Not the best photo, but this has been one of my favorite displays for years:



My favorite parts of the day were: the genetics laboratory where I saw a mini-lecture on DNA and then wandered around to find some hatching baby chicks:



Talking with my cousin on the phone, even though I found out her plane wasn't going to be to Chicago in time for us to get together...

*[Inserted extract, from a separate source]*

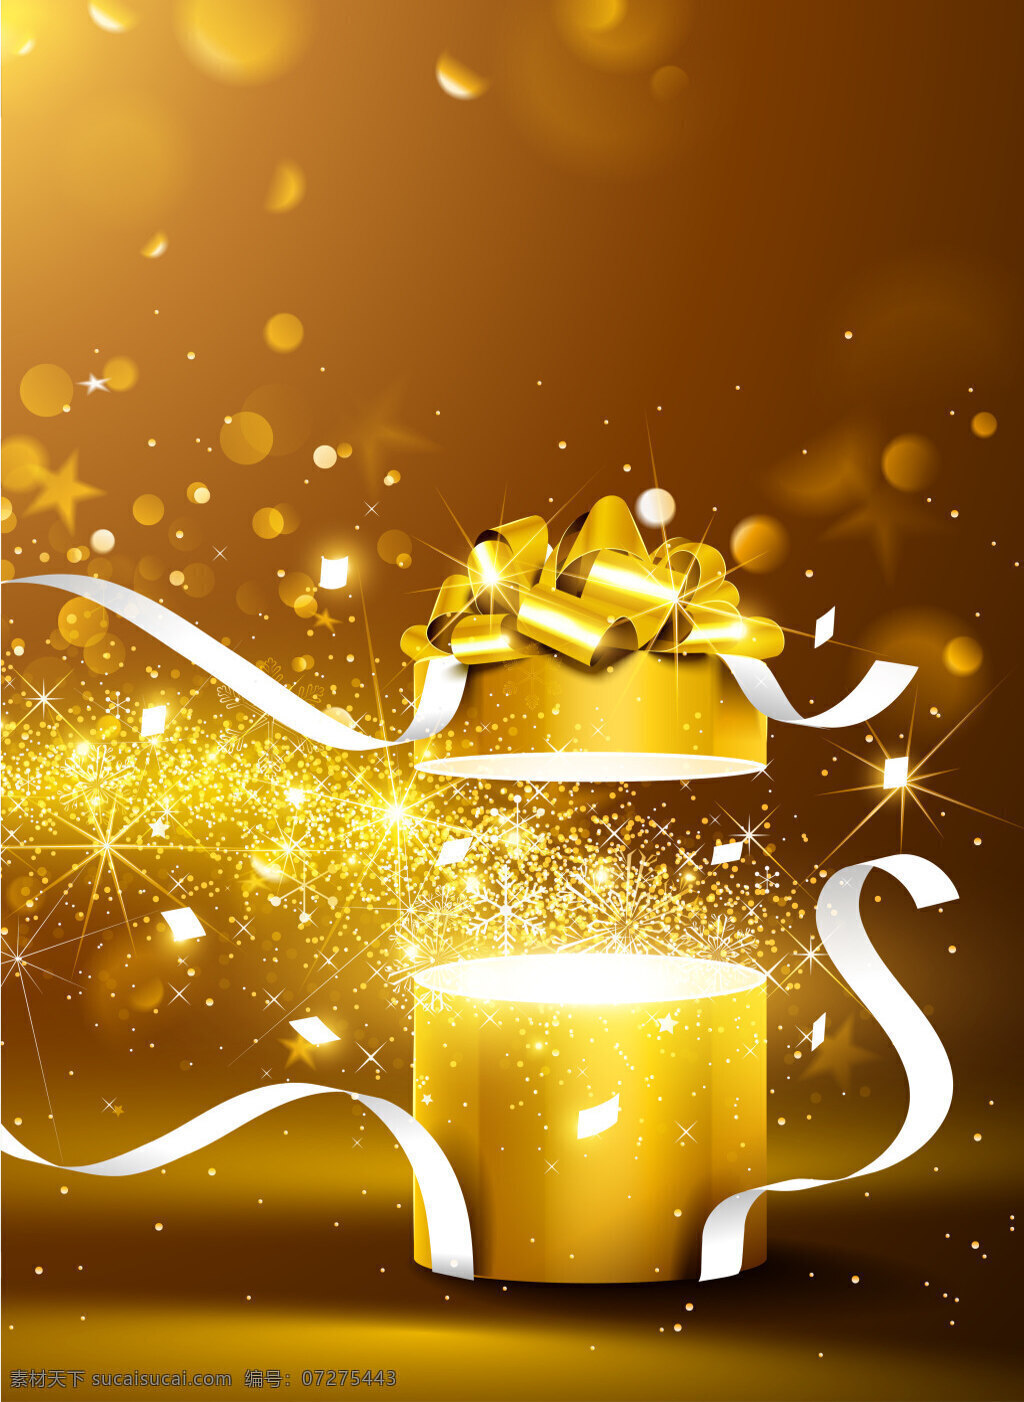 矢量 质感 节日 礼物 盒 背景 金色 星光 梦幻 圣诞节 礼物盒 新年 海报
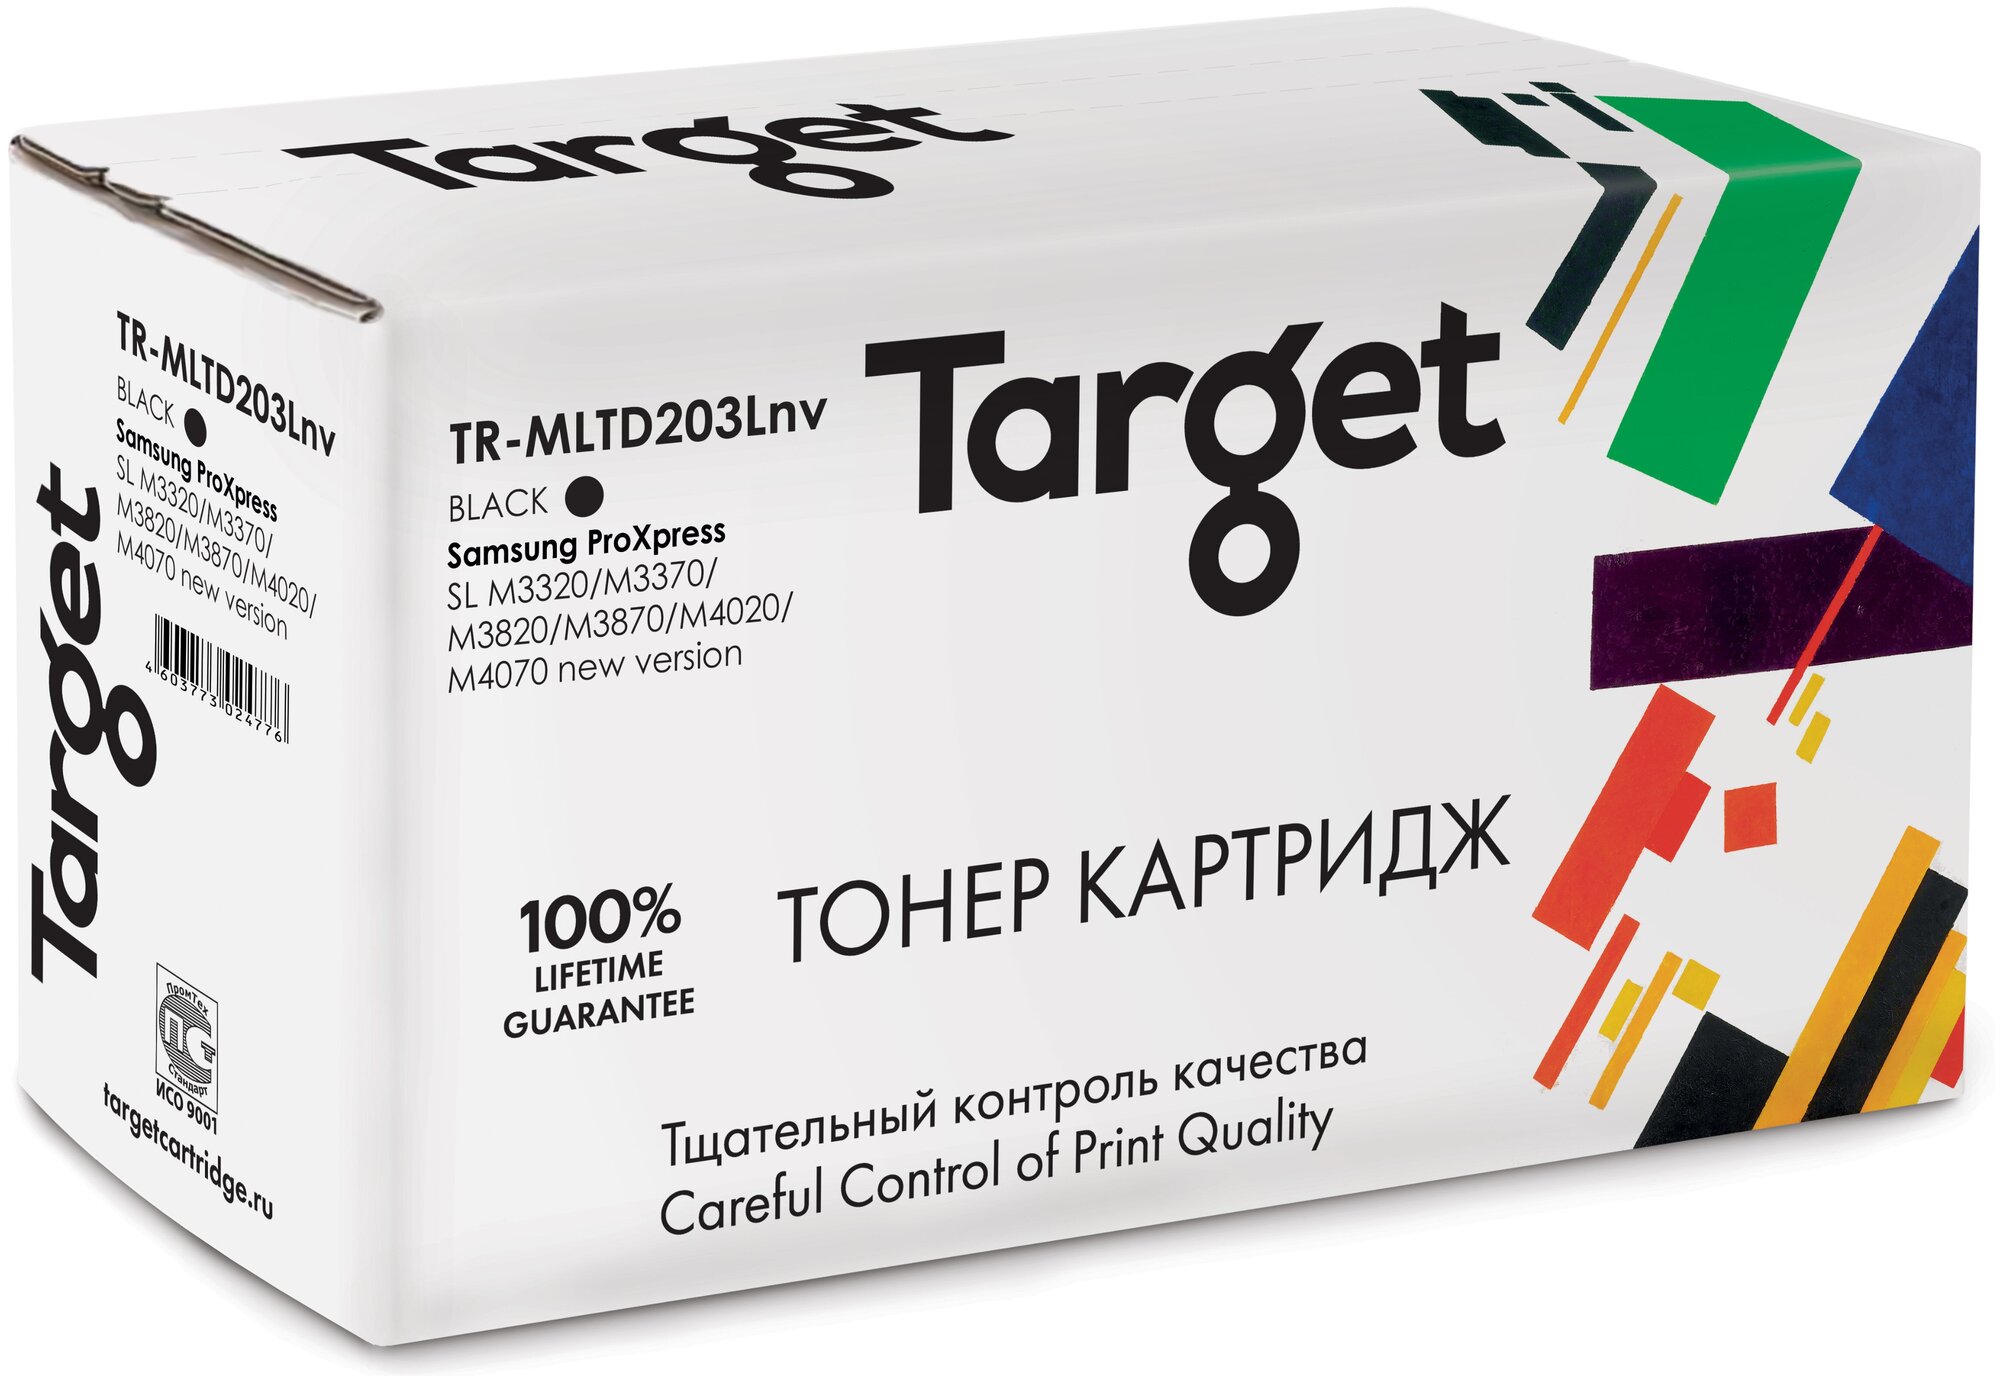 Картридж Target MLTD203Lnv, черный, для лазерного принтера, совместимый

Playing Star Wars trivia with a really friendly, helpful museum employee who chatted me up for about 10 minute and told me the inside scoop on reserving tickets online, told me about the Star Wars exhibit, and then played a couple of rounds of trivia with me, which is what she was there for:



A huge section on how the brain works that I don't remember seeing before:



A beautifully laid-out display about evolution and how species evolved across the planet (which also gave me an idea about some Christmas gifts I want to make...but that's another story):



I stopped for more Starbucks along the Indiana Toll Road on the way home (which is probably why I was still awake at 2:30 in the morning):



I also stopped for gas and this was the first time I'd ever seen E85 listed on a regular gas-price sign -- how cool is that?!:



The sunset behind me was so unbelievably cool, I kept trying to get a shot of it while driving:



And this one finally came close. It was a great road trip.